◆ Assigned task
The listing is to be transcribed in full, with its images left out.

◆ Exercise data

———

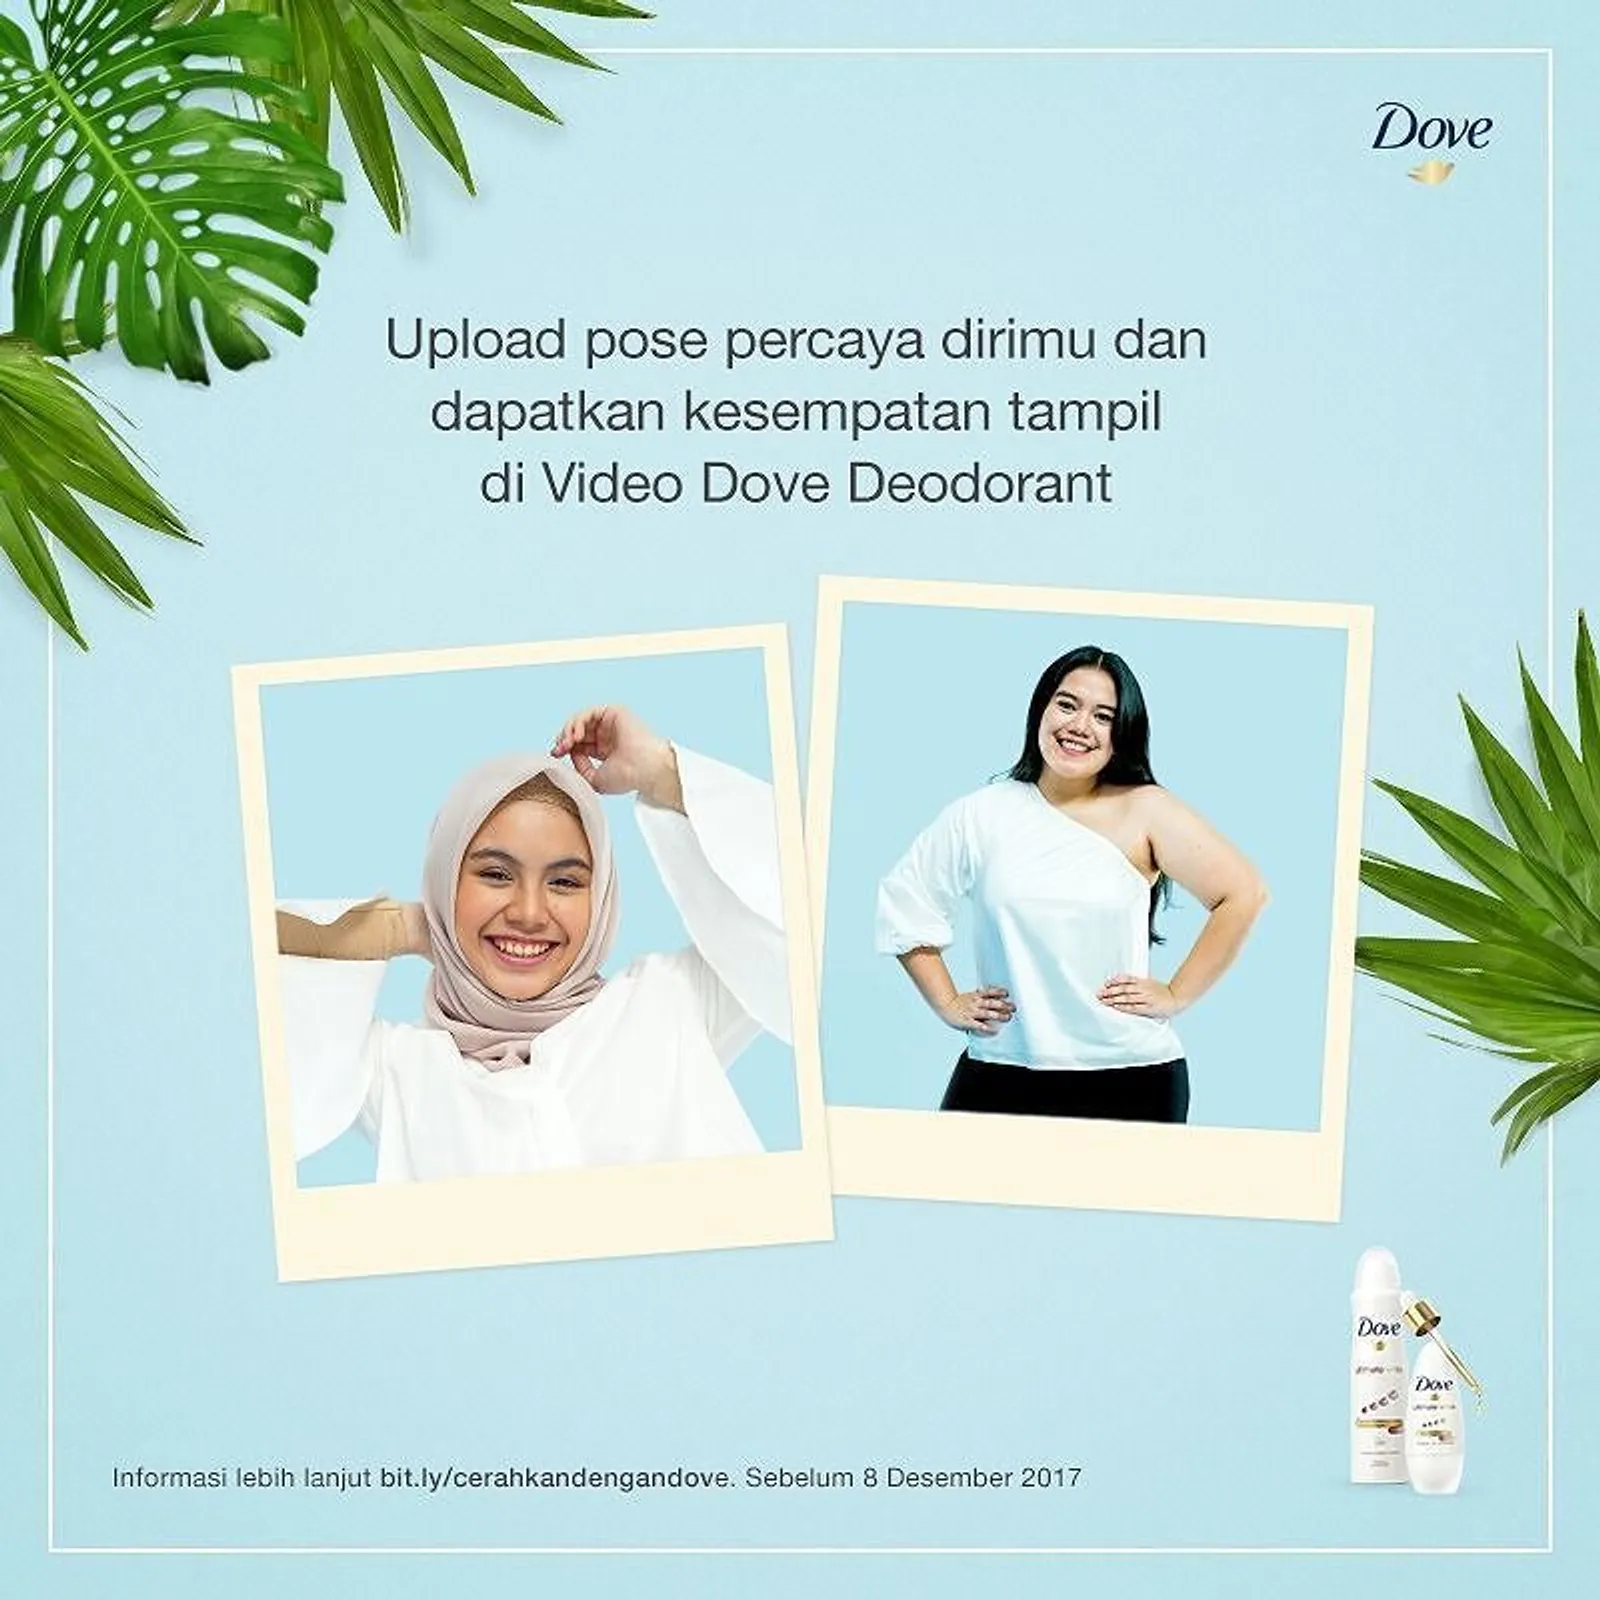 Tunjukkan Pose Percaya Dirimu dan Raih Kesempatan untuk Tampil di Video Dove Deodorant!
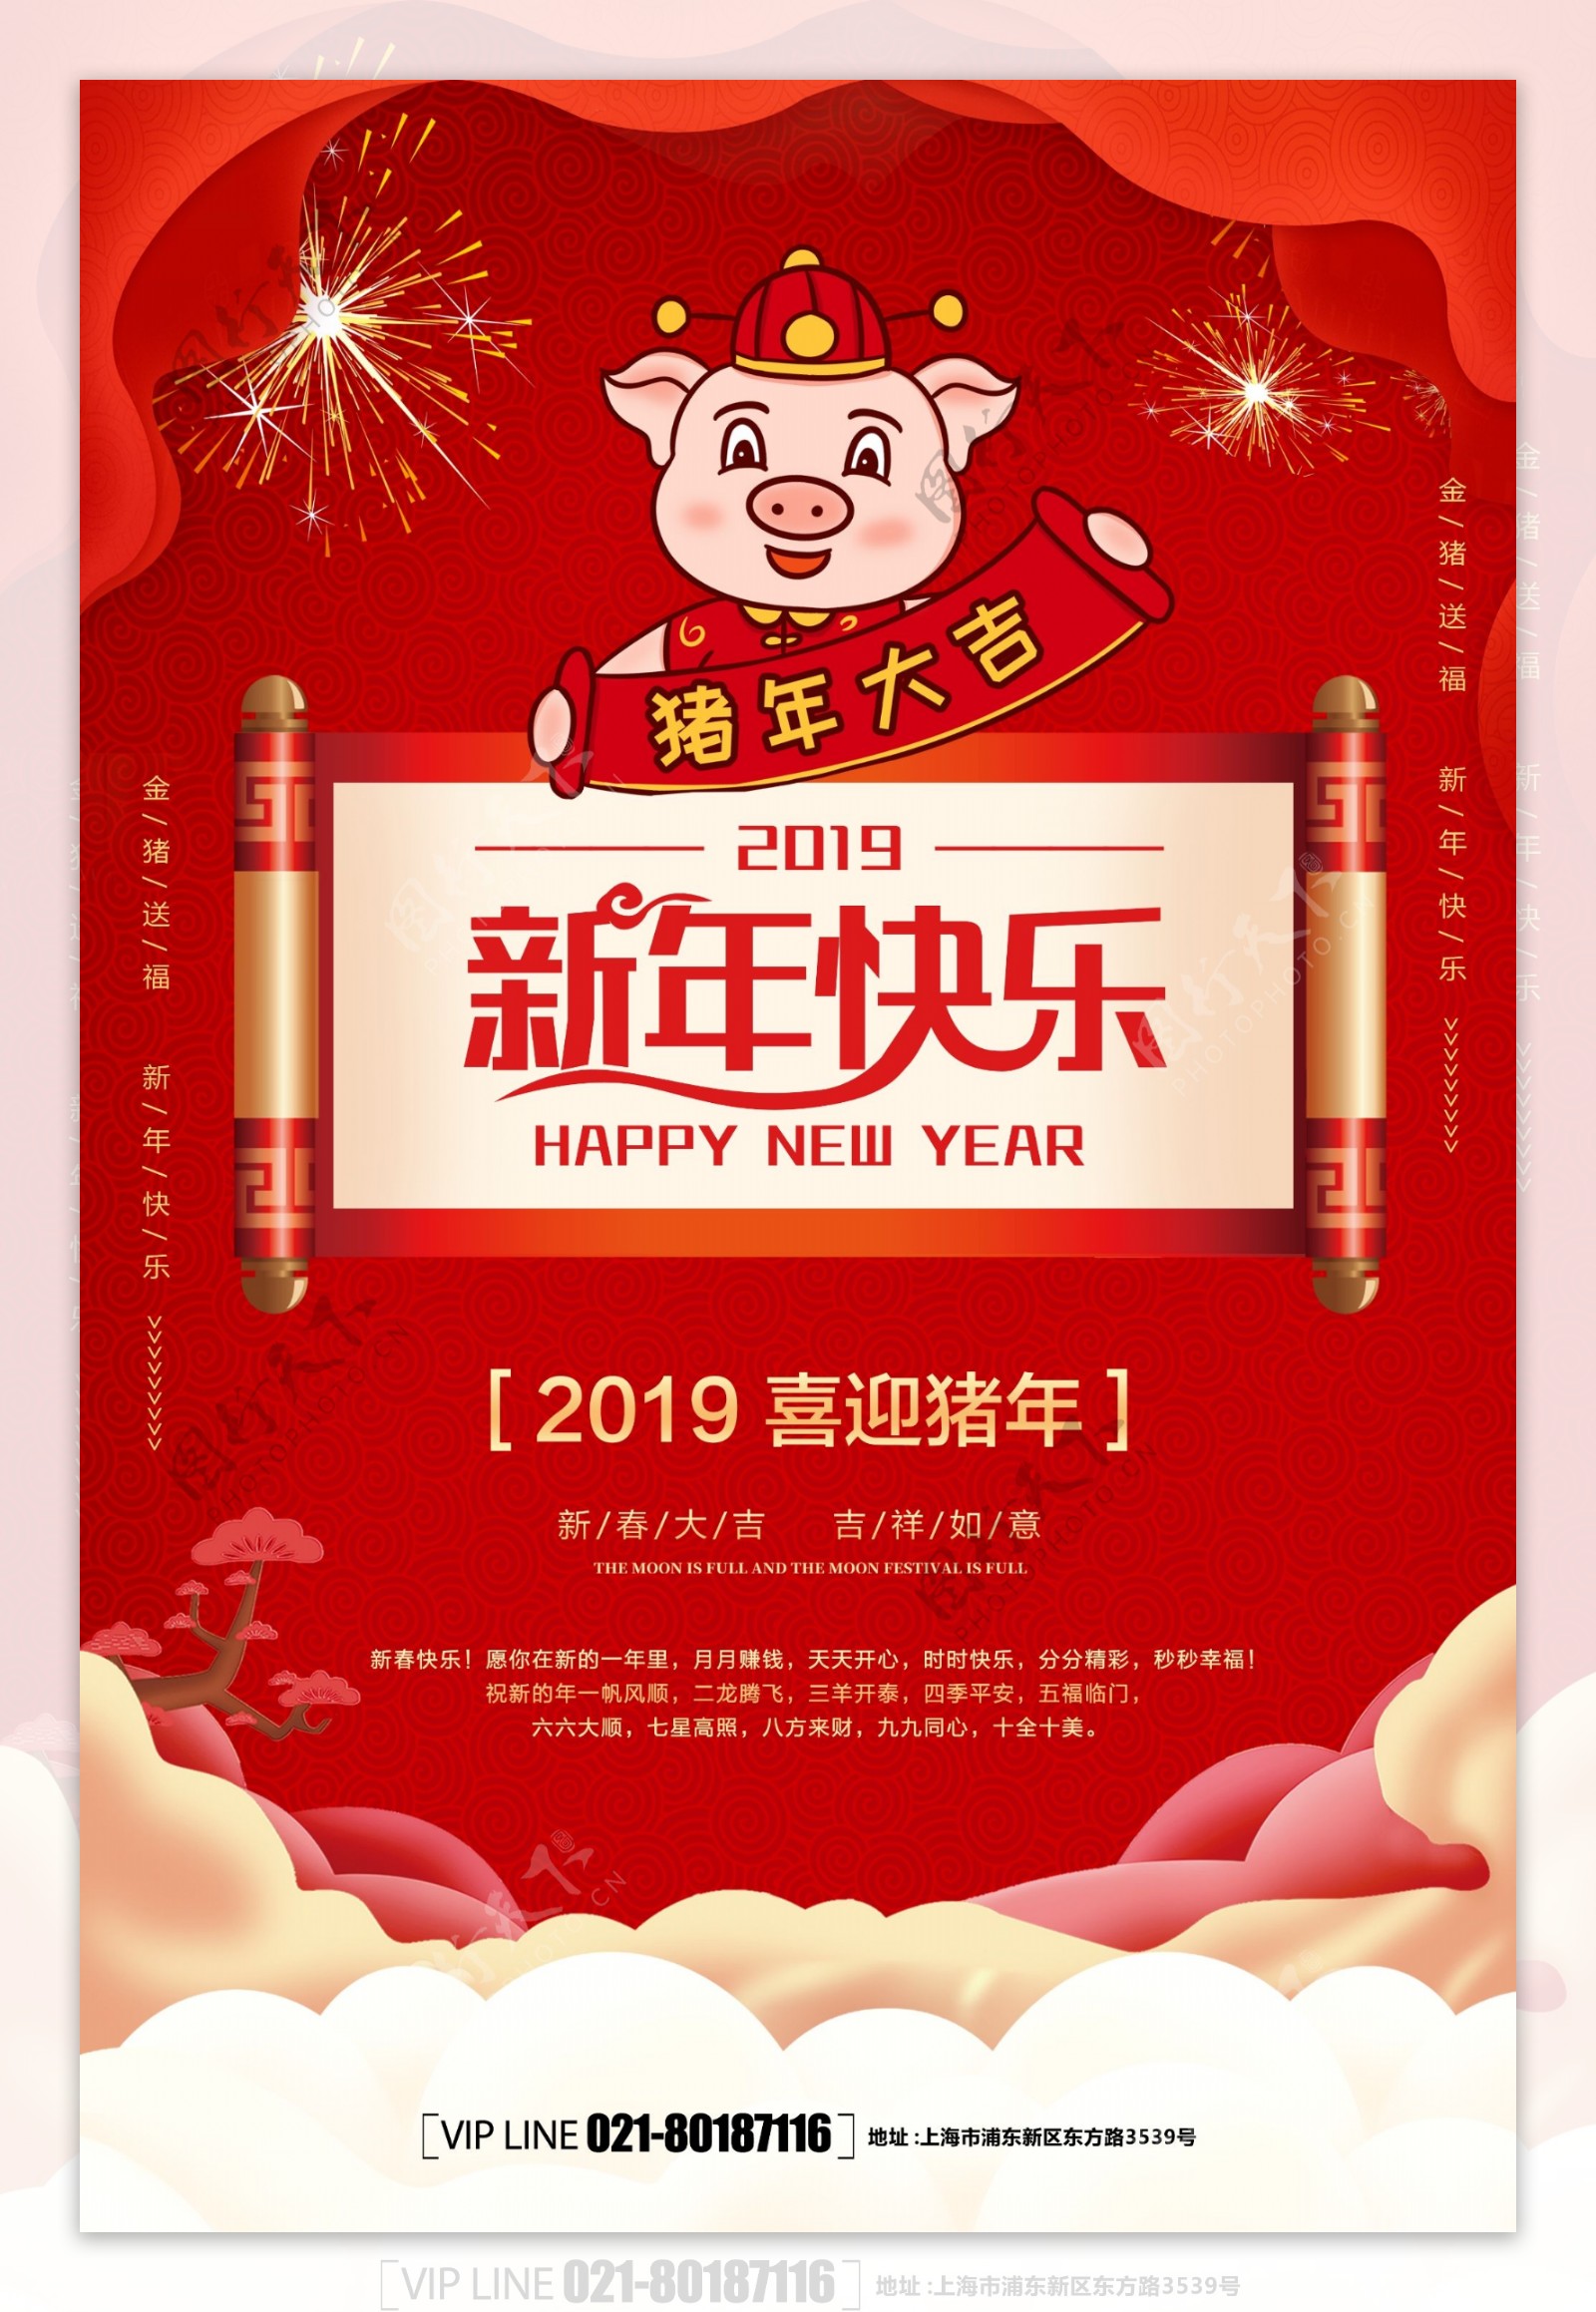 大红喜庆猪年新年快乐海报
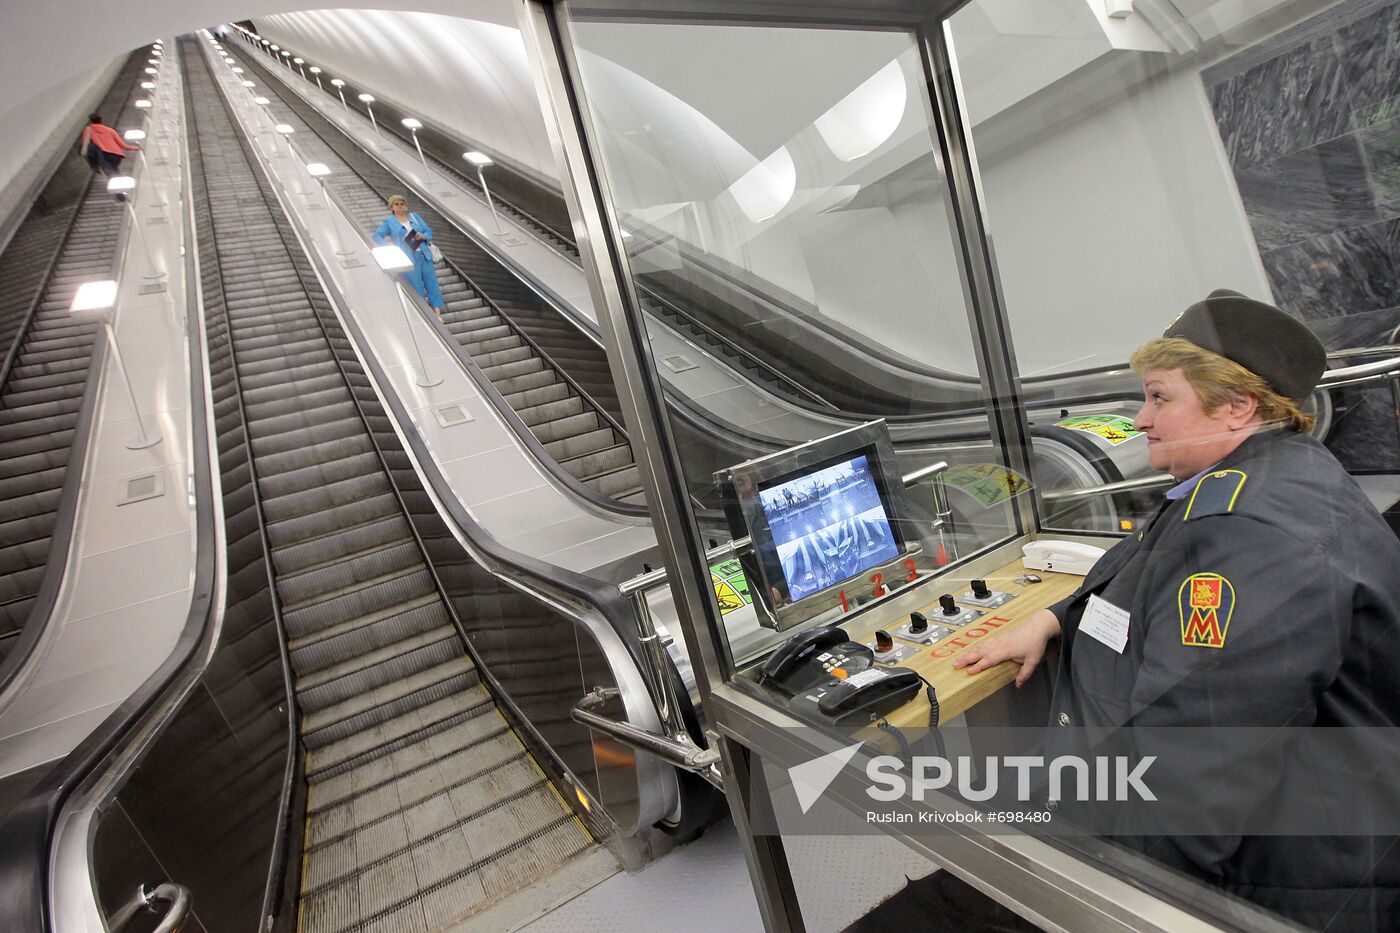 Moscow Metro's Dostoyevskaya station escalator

———

◆ Response to the exercise
 Tunjukkan Pose Percaya Dirimu dan Raih Kesempatan untuk Tampil di Video Dove Deodorant!
 大红喜庆猪年新年快乐海报
 Moscow Metro's Dostoyevskaya station escalator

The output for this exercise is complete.